The Supreme Court today agreed to hear matters concerning the constitutional validity of the abrogation of Article 370 after Dussehra. Yesterday, it reserved its judgement on a batch of petitions challenging the Karnataka High Court’s judgement upholding the ban on wearing the hijab in classrooms. The apex court concluded a marathon hearing spread over 10 days. A bench comprising Justice Hemant Gupta and Justice Sudhanshu Dhulia heard arguments of the Karnataka government and a collective of college teachers. Justice Gupta is to retire on October 16, so a judgement should come before that.
Sedition cases have spiked in Andhra Pradesh. Chief Minister Jagan Mohan Reddy seems to be taking a leaf out of UP CM Adityanath’s playbook for quelling critics by using the sedition law.
BCCI president Sourav Ganguly has said the ICC chairmanship is “not in my hands”, playing down strong speculation that the former India captain could head to Dubai. In July, the International Cricket Council (ICC) Board approved the process to elect the next chairman of the world body in November. With Greg Barclay stepping down this year, the election will be decided by a simple majority for a two-year term from December 1, 2022, to November 30, 2024. Ganguly’s name was doing the rounds since then.

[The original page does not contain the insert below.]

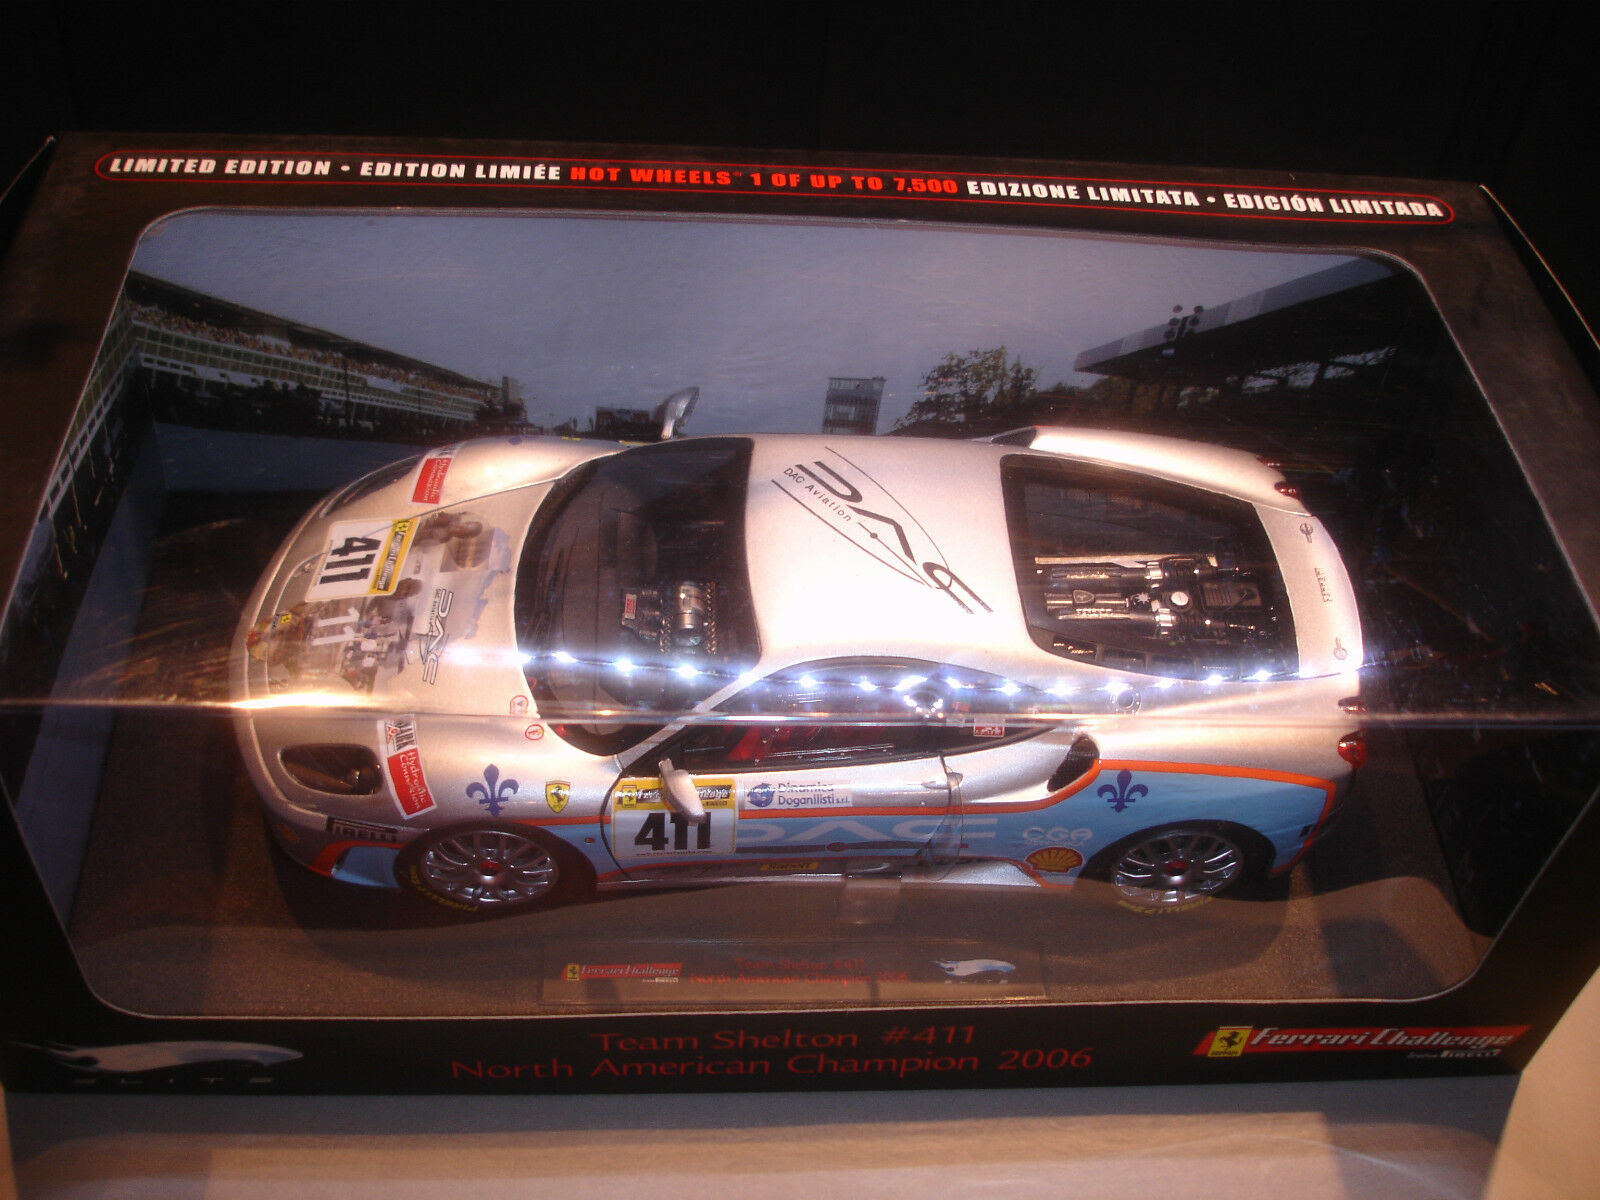 Ferrari f430 team shelton north american champion 2006 hot wheels elite 1   18.

The Stanford Internet Observatory detected a pro-Indian Army covert influence operation in Kashmir on Twitter. Twitter suspended a network of 1,198 accounts, which tweeted about India and Pakistan, for violating their Platform Manipulation and Spam Policy and said that the presumptive country of origin was India. Tweets praised the Indian Army’s military successes in Kashmir and criticised the forces of China and Pakistan. Two accounts targeted specific individuals who were perceived as enemies of the Indian government. The report also notes that the content of the Twitter network is consistent with the Chinar Corps’ objectives, and that the official Chinar Corps Twitter account is one of the most mentioned or retweeted accounts in the network.
India has reacted sharply to the “so-called Khalistan referendum” of 100,000 persons in Canada, saying that it is “deeply objectionable” that such a “politically motivated” activity by extremist elements was allowed to take place in a friendly country. External Affairs Ministry spokesman Arindam Bagchi said India had taken up the matter with the Canadian authorities through diplomatic channels.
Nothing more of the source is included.